Verinha parou a olhar para ele. Estava indignada que ele tivesse descaradamente a chamado de lésbica. Ficou com uma raiva que não conseguiu explicar de onde vinha. Nos últimos dias apenas pensava na possibilidade de o voltar a encontrar e quando menos espera encontra-o ali na feira. E ele chama-a de lésbica! Era demais! Não queria acreditar. Ele olhava para ela e via-a como uma “gaja” que gosta de “gajas”. E pior... Pior é que o grupinho todo comentava sobre elas e isso fazia-lhe pensar quantas mais pessoas pensavam assim. Ficou irritada e com uma vontade de lhe dar um estalo. Por pouco não o fez. Teve que se conter! Mas agora ali a olhar para ele não o podia censurar. Vestida com o seu macacão de todos os dias, o cabelo apanhado em rabo de cavalo com um chapéu dos New York Knicks com a pala para o lado, ténis da Nike Air, sem atacadores, a t-shirt provavelmente dois números acima do seu tamanho. Não o podia censurar! Parecia uma autêntica Maria rapaz.
“Xiii... Acho que exagerei... O.K. Vamos começar do início... Olá sou a Verinha... Quero dizer, Vera.”
“Olá Vera, sou o Miguel. Muito prazer...”
Ficaram em silêncio a olhar um para o outro. Verinha teve a oportunidade de observá-lo com mais atenção. Mesmo debaixo daquele calor abrasador ele tinha umas calças pretas, com uma t-shirt e botas pretas, e por cima um casaco de cabedal preto. Os olhos um verde de água muito claros, e o cabelo preto ligeiramente desgrenhado. A tatuagem no braço direito era a cabeça de uma águia.

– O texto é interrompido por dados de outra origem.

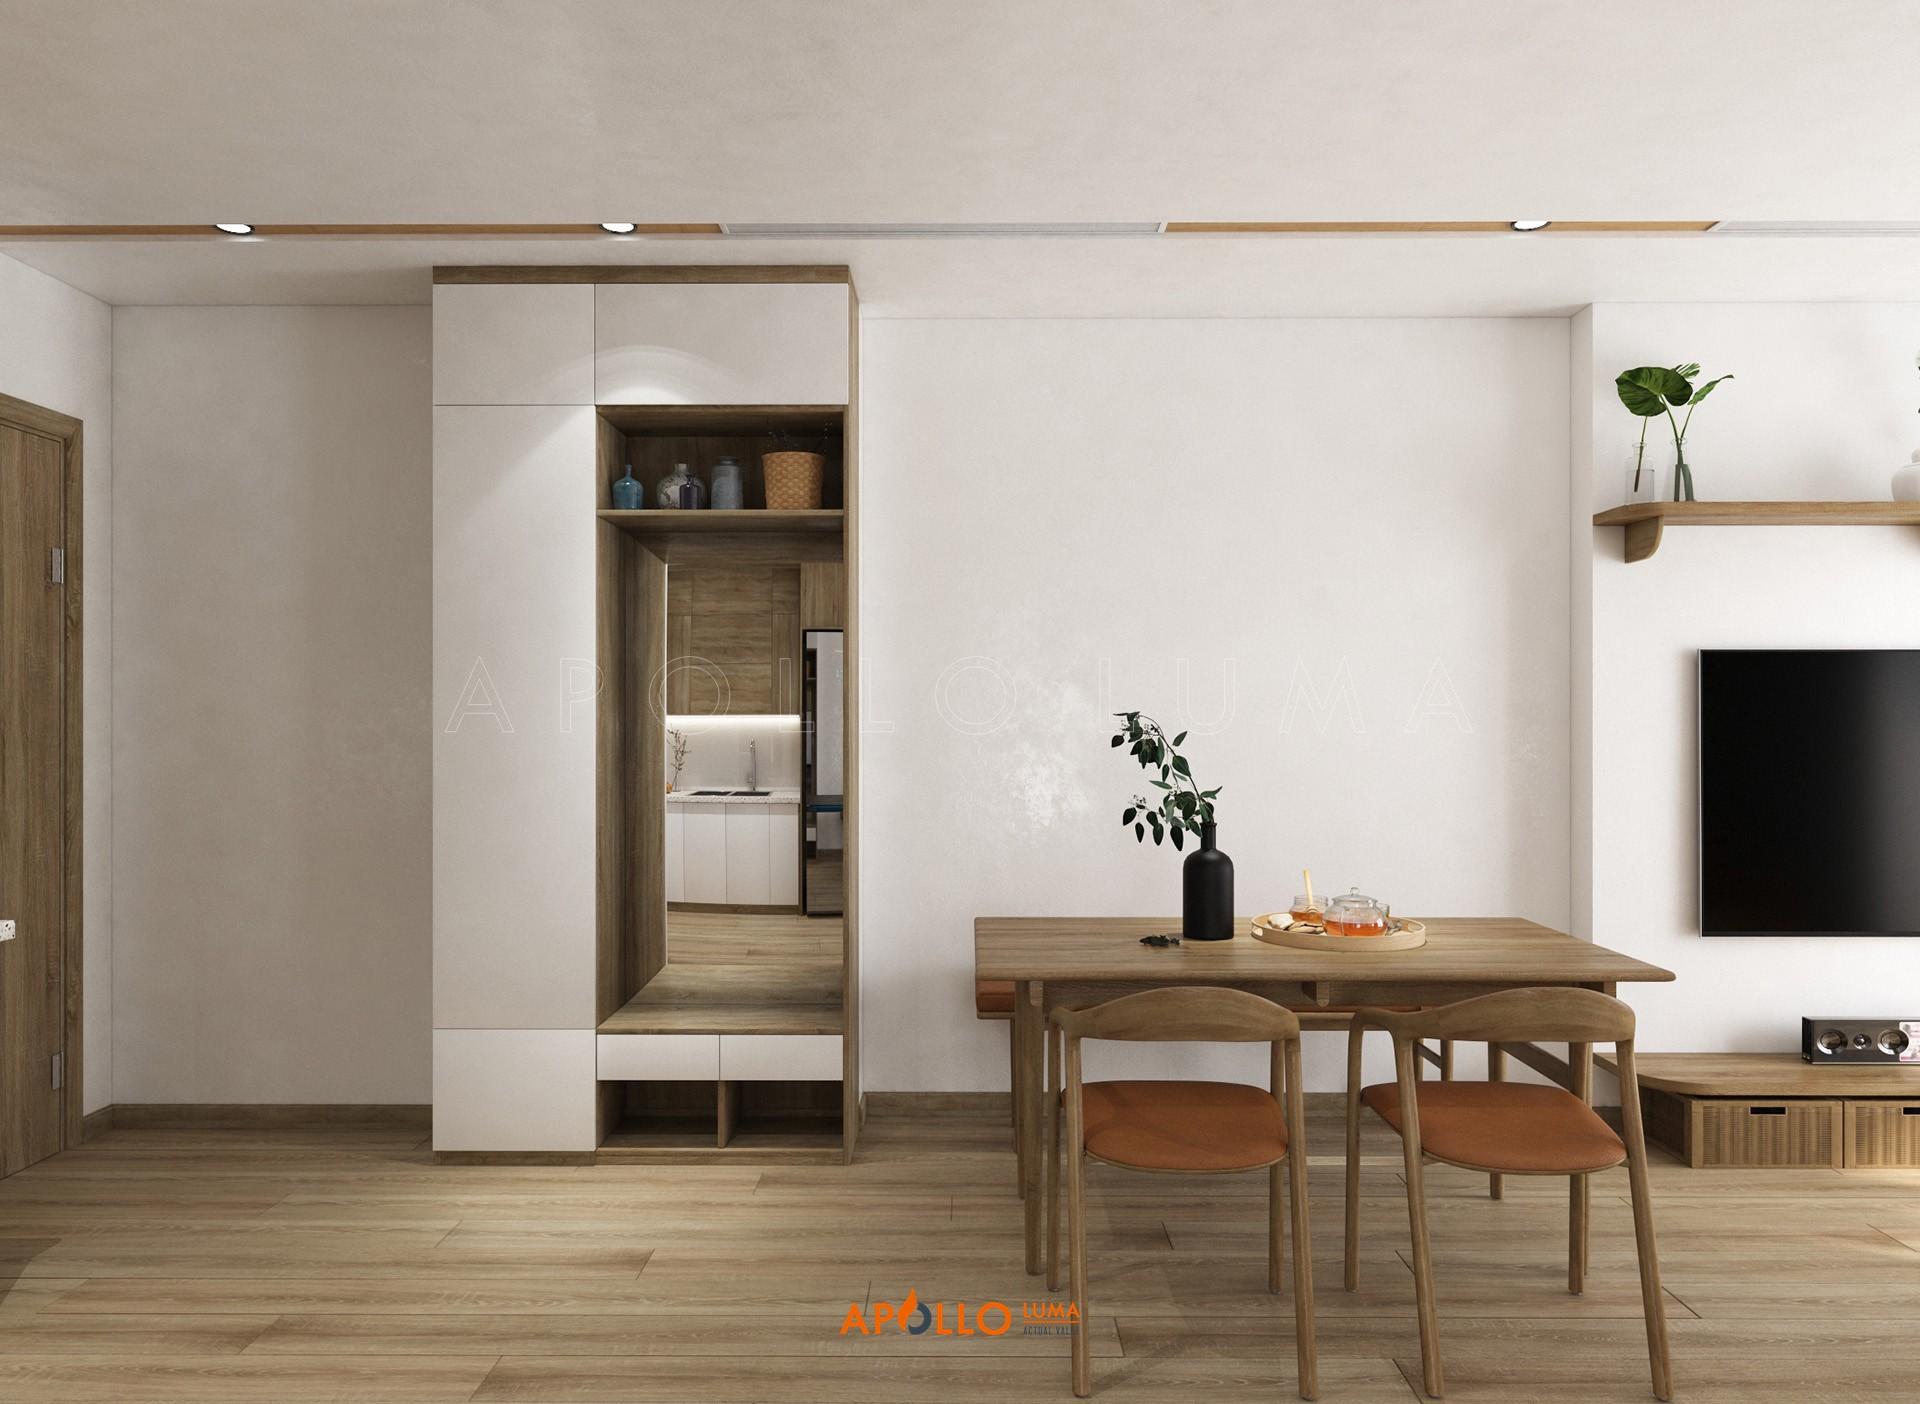 Thiết kế nội thất căn 55m2 (2PN+1WC) S4.02-08 Vinhomes Smart City Tây Mỗ

“O que estás a ler Vera? É a banda desenhada da turma da Mónica?”
“Mais ou menos... Estou a ler o Chico Bento! Sei que é coisa de miúdos mas gosto tanto disto que não resisto. Faz-me rir...”
“Eu também gosto muito de banda desenhada. E não acho que seja coisa de miúdos, sou da opinião que a banda desenhada é mais coisa de adultos do que qualquer outra coisa. Há piadas que os miúdos não conseguem entender...”
“Adultos? Calma lá... Eu ainda sou jovem.”
“Claro que és! E quantos anos tens? Posso saber?”
“Tu gostas muito de fazer preguntas e suposições impertinentes! Hehe. És sempre assim? Falas sempre o que te vem à cabeça? Ouvi dizer que não se pergunta a idade a uma senhora!”
“Sei disso muito bem”. Mas tu agora mesmo disseste que de adulta não tinhas nada, por isso posso perguntar!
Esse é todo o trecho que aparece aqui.